6. Limitations and Trade-offs

  • Multiple-choice format only (Section 7)
  • Trade-off: standardizes scoring and supports large-scale evaluation, but cannot capture richer, open-ended reasoning, proof quality, or explanation faithfulness.

  • No multimodal items (Section 7)

  • Excludes tasks requiring images/tables/figures by design; this narrows applicability for multimodal LLMs.

  • LLM-in-the-loop data construction

  • Risks: stylistic artifacts in distractors (generated by GPT-4-Turbo) might align with some model families; the paper asserts no measured advantage but lacks a formal ablation (Section 3.2).
  • Mitigation: human review plus Gemini-1.5-Pro checking of false negatives (Section 3.2; Table 1).

  • Screening “easy” items with mid-sized models (Section 3.2)

  • Assumption: questions solved by >4 of 8 mid-sized LLMs are too easy for frontier evaluation. This may bias the retained set toward items that defeat mid-sized models in specific ways (e.g., format peculiarities) rather than purely “hard” content.

  • Prompting and parsing constraints

  • The evaluation depends on specific output formatting and regex-based extraction (Section 4); formatting deviations lead to random guesses. For some models, this contributes to errors (Appendix A.6).
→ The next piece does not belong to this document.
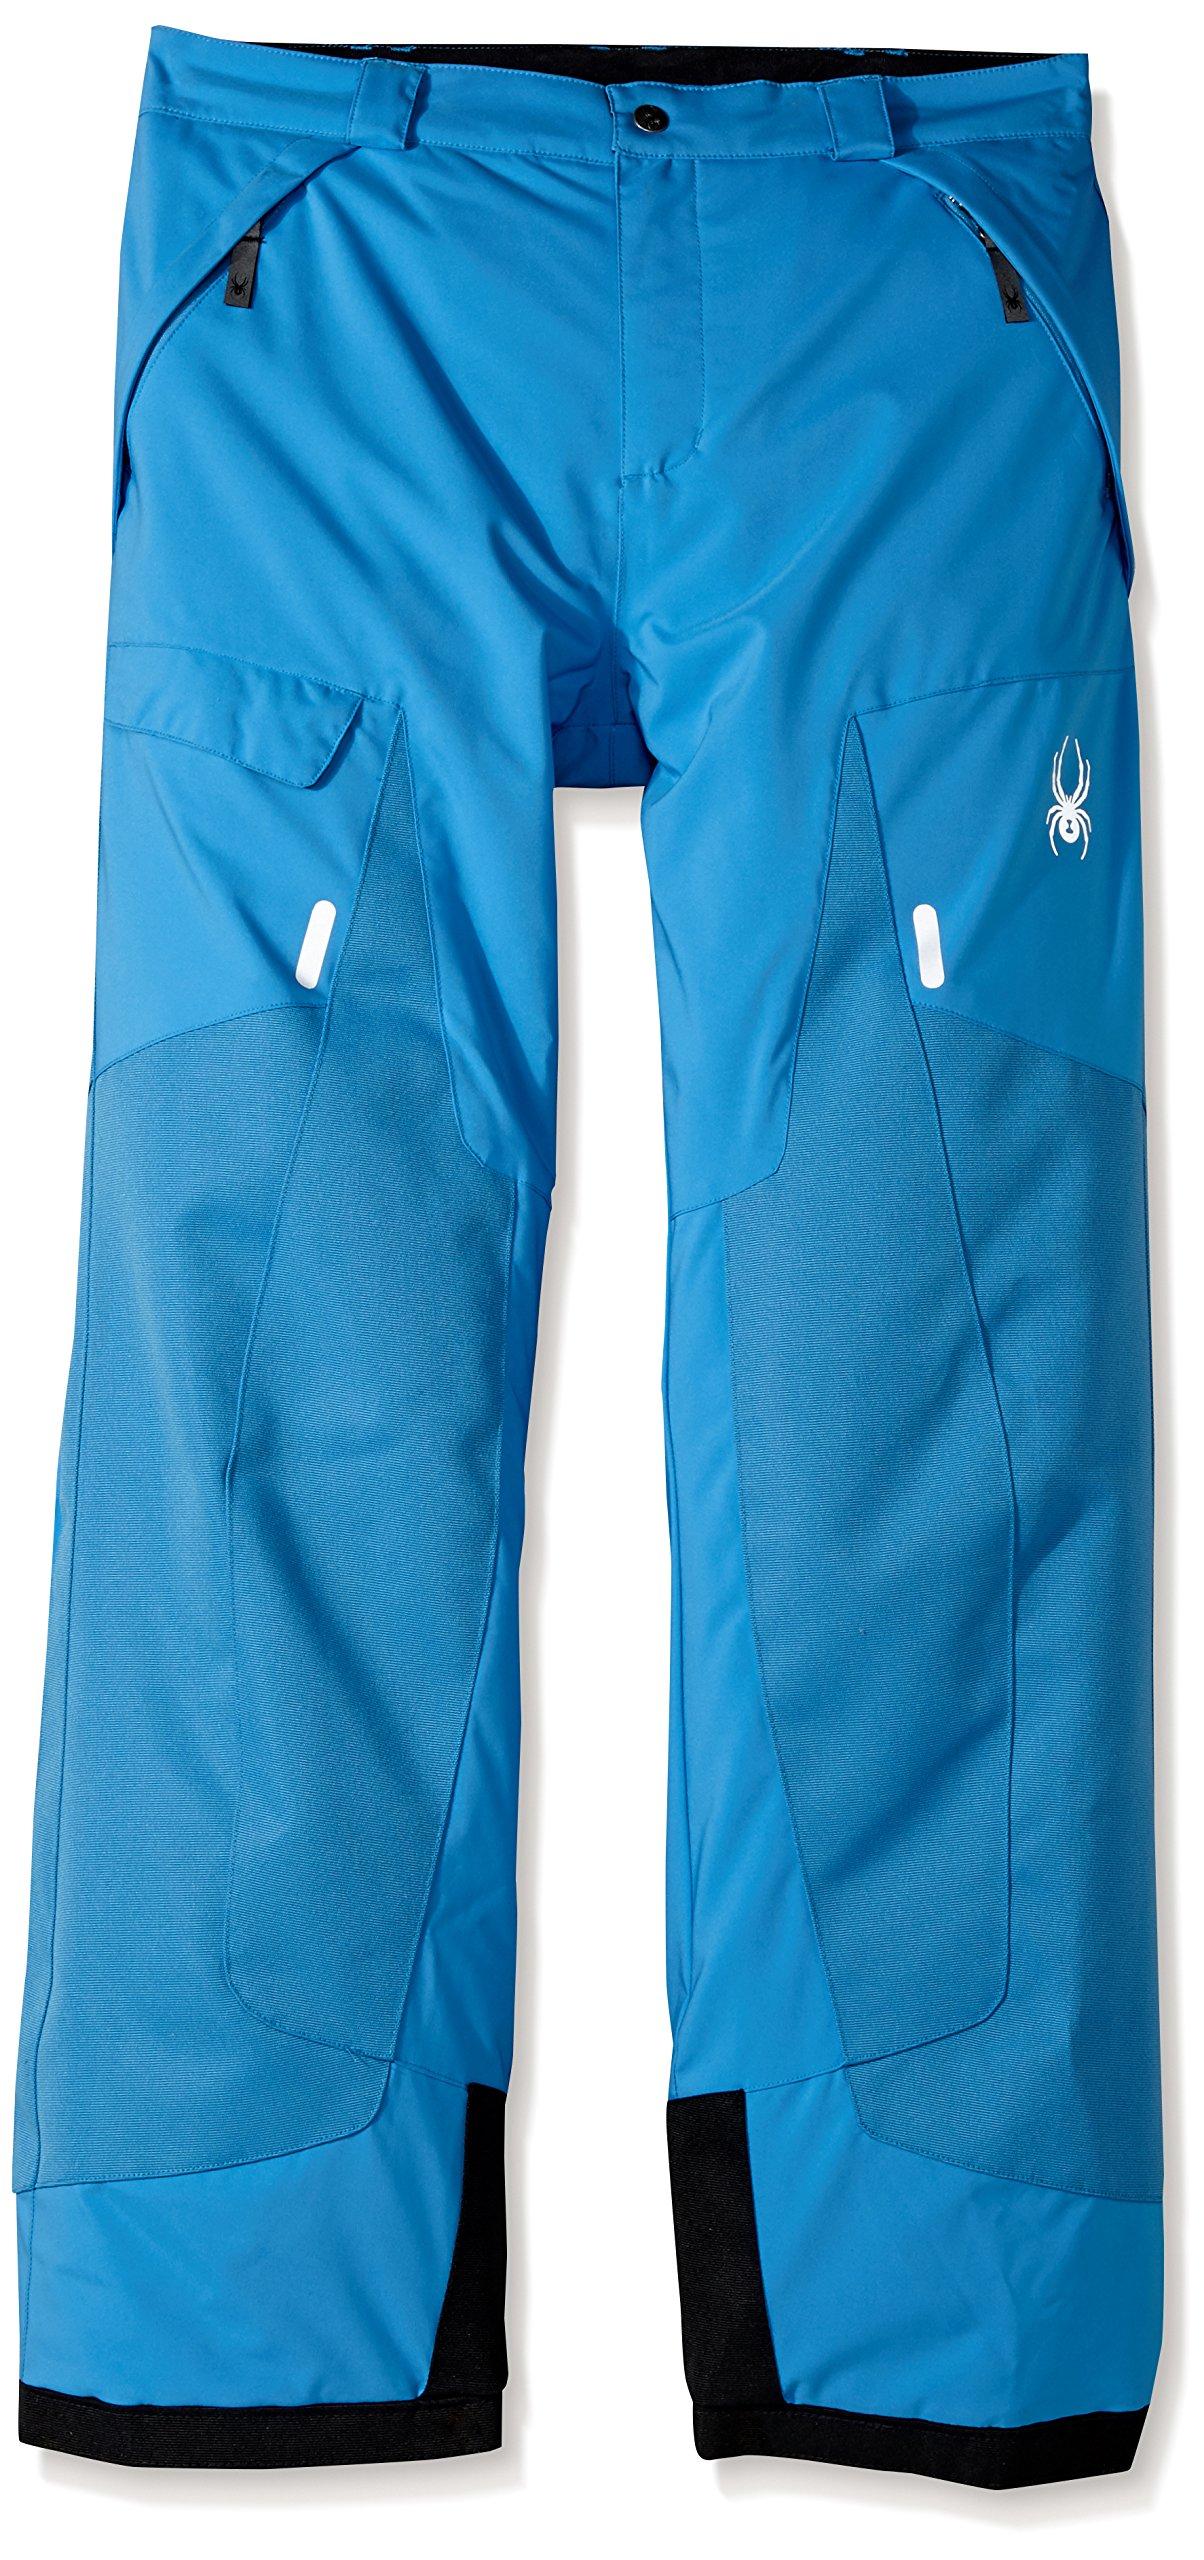 Spyder Boy's Action Ski Pant, French Blue, Size 16 by Spyder

  • Shot-count inconsistency across models

  • Gemini models evaluated in 0-shot while others use 5-shot CoT (Table 2). This complicates direct fairness comparisons.

7. Implications and Future Directions

  • Field impact
  • MMLU-Pro re-establishes headroom and reliability for general-purpose LLM evaluations. It turns CoT into a clear advantage on a mainstream benchmark, re-focusing the community on deliberate reasoning quality (Section 6.2; Table 3).
  • The reduced prompt sensitivity (Figure 5) encourages more stable leaderboards and fairer comparisons across prompt templates.

  • Practical applications

  • Better model selection for high-stakes domains where reasoning drives performance (engineering, law, quantitative finance, clinical reasoning).
  • Training and alignment targets: since error analysis quantifies reasoning, knowledge, and calculation failures (Section 5.3), model developers can prioritize the largest error modes for improvement.

  • Follow-up research directions

  • Open-ended and verifiable reasoning: move beyond multiple choice to proofs, structured derivations, or program-assisted solutions (acknowledging Section 7’s MCQ limitations).
  • Multimodal extension: incorporate diagrams, tables, and figures for science and engineering—currently excluded by design (Section 7).
  • Distractor generation ablations: systematically test how distractor sources/styles affect fairness (e.g., generate with diverse LLMs; human-only variants).
  • Robustness beyond prompting: study adversarial phrasing, option order randomization, and cross-lingual variants to further validate stability.
  • Tool use integration: given that 12% of top-model errors are calculation-related (Appendix A.6), evaluate under calculator or code-execution assistance to isolate reasoning vs. arithmetic limitations.

Headline results to remember: - Table 2: GPT-4o 72.6% overall on MMLU-Pro; GPT-4-Turbo 63.7%; Llama-3-70B-Instruct 56.2%. - Figure 4: accuracy gap between strong models widens on MMLU-Pro; overall scores drop by 16–33% vs. MMLU. - Table 3: CoT boosts up to +19.1% (GPT-4o) on MMLU-Pro, but offers little or negative change on MMLU. - Figure 5: prompt sensitivity: ~2% on MMLU-Pro vs. ~4–5% on MMLU (max 3.74% vs. 10.98%). - Section 5.3: error modes for GPT-4o: 39% reasoning, 35% knowledge, 12% calculation, with smaller shares from formatting/parsing and annotation issues.

Overall, MMLU-Pro is a carefully constructed step toward a harder, fairer, and more informative evaluation of LLM reasoning, while acknowledging that future work should broaden beyond multiple-choice and into multimodal and open-ended settings.